| EXERCISE DATA |
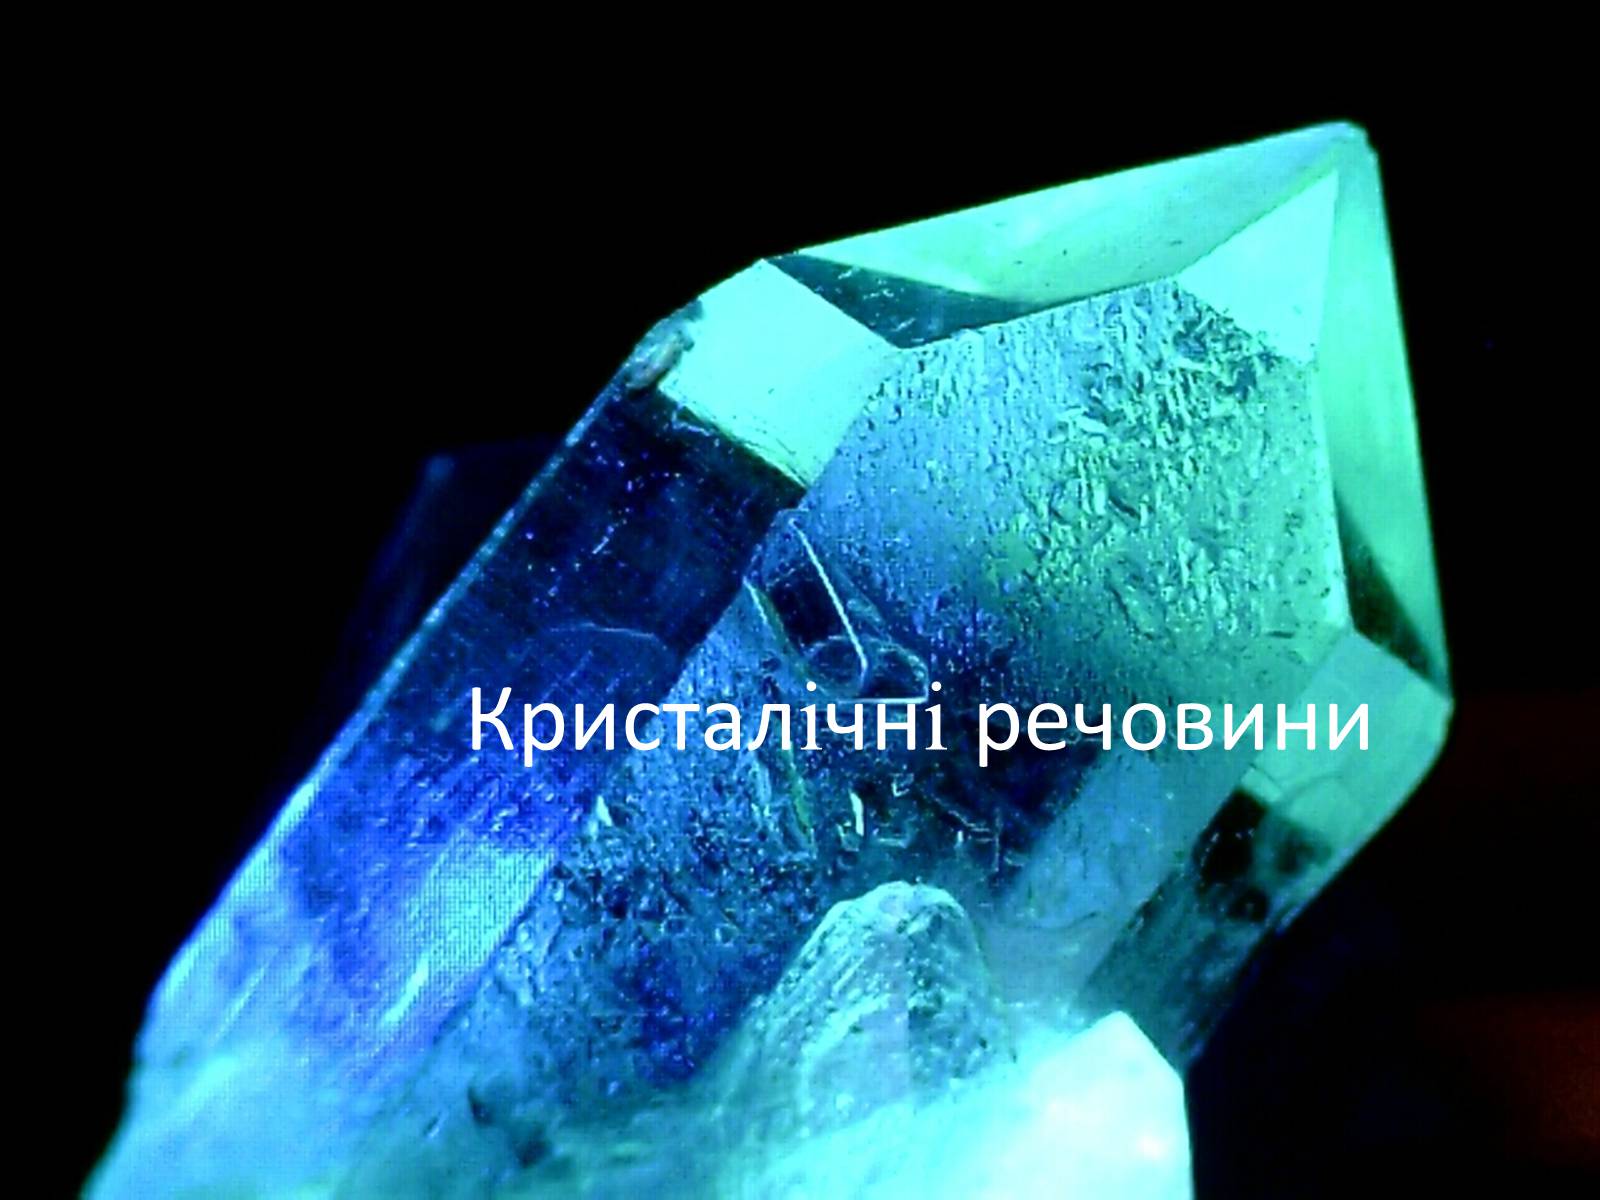 Good crystal
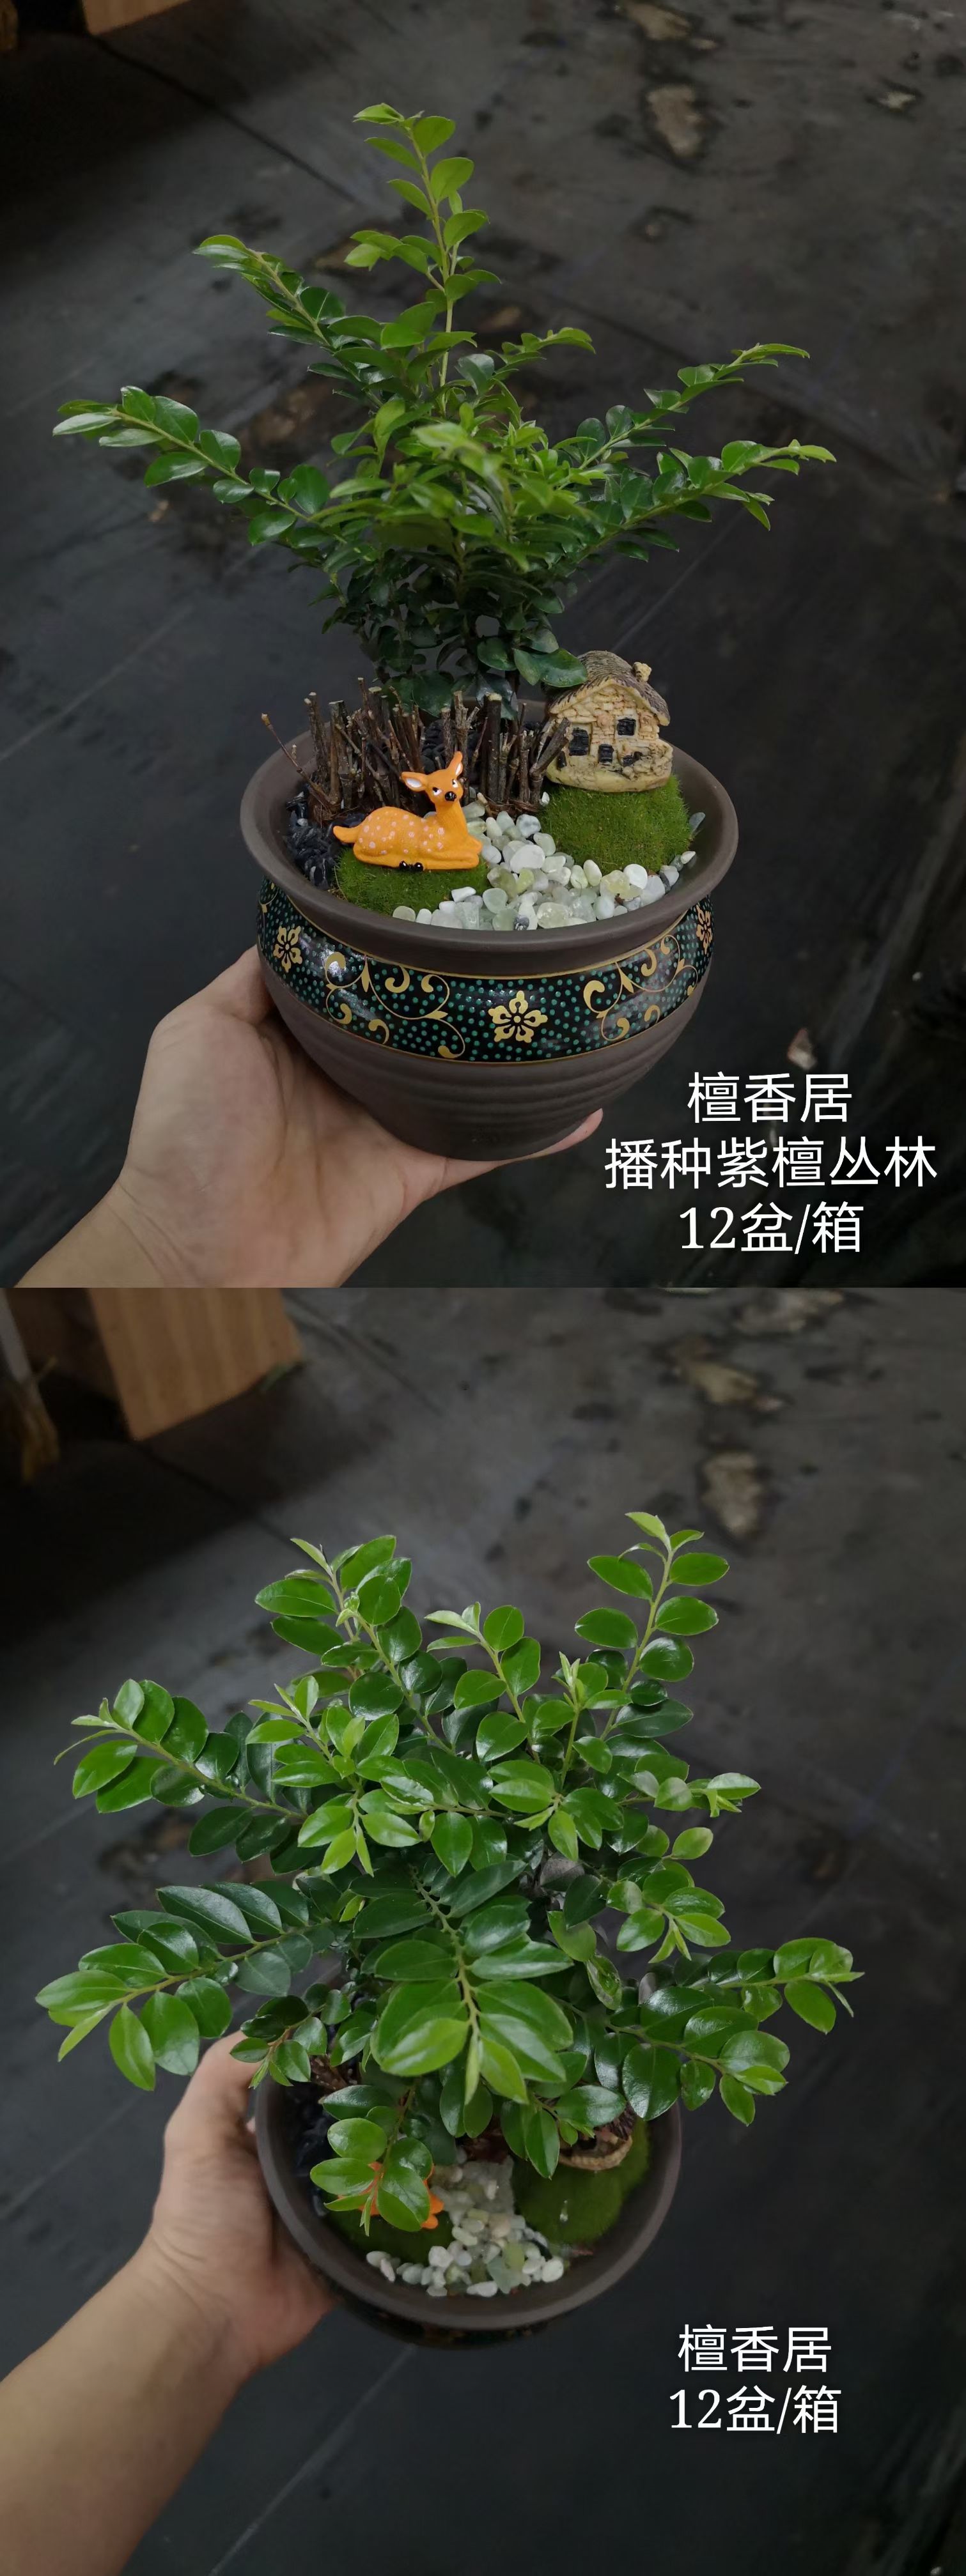 广州小叶紫檀盆栽 紫檀陶瓷盆景
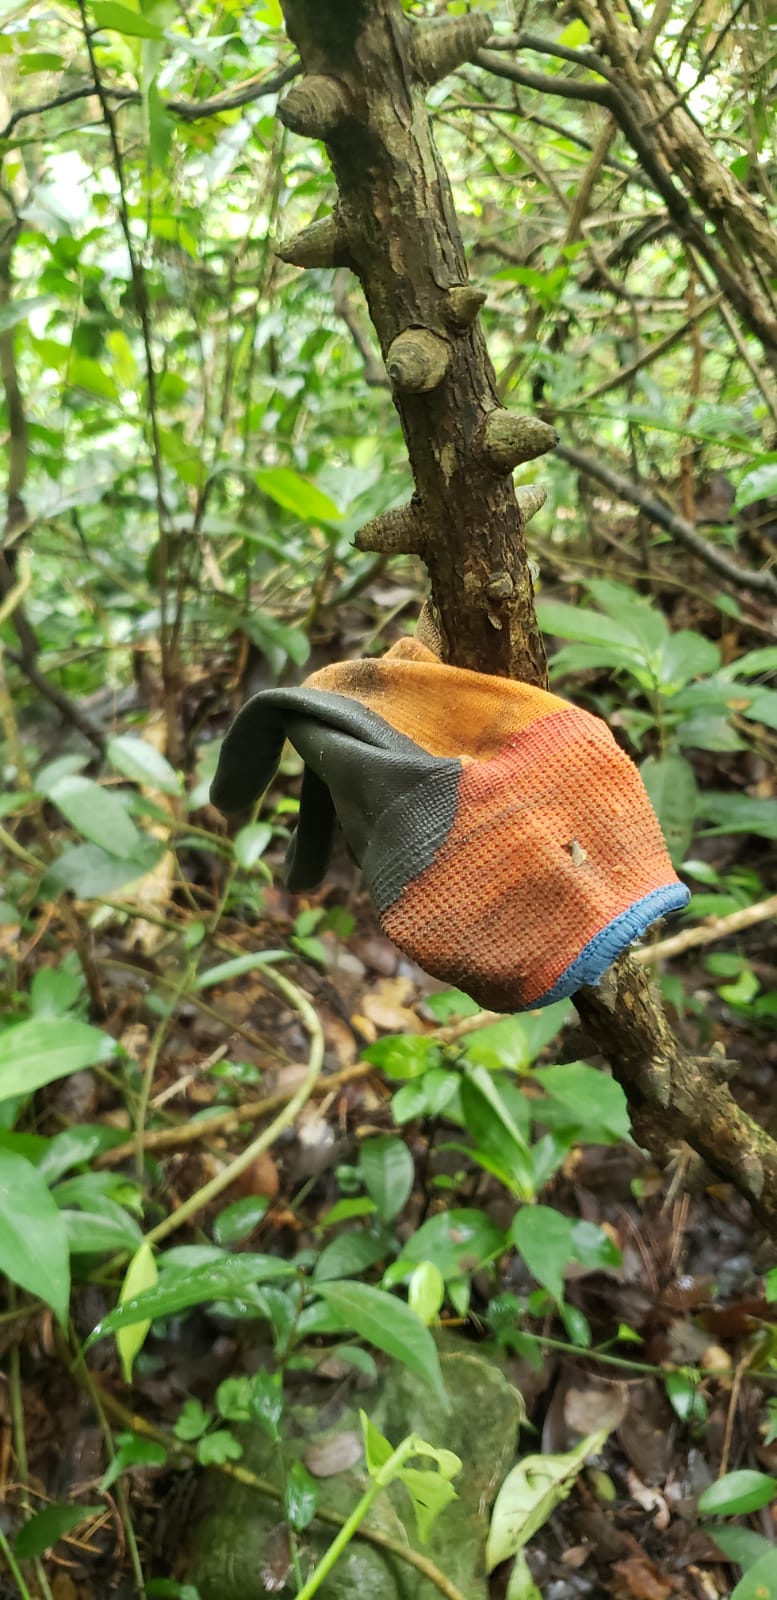 郊野义务搜索队于黄竹山一带的密林发现一只手套，怀疑属于失踪多日的甯国良。郊野义务搜索队提供图片

| DIRECTIONS |
Only the lines from the one containing "广州小叶紫檀盆栽 紫檀陶瓷盆景" through the final line of the data are to be written out, exactly as they stand and without pictures.

| WRITTEN ANSWER |
 广州小叶紫檀盆栽 紫檀陶瓷盆景
 郊野义务搜索队于黄竹山一带的密林发现一只手套，怀疑属于失踪多日的甯国良。郊野义务搜索队提供图片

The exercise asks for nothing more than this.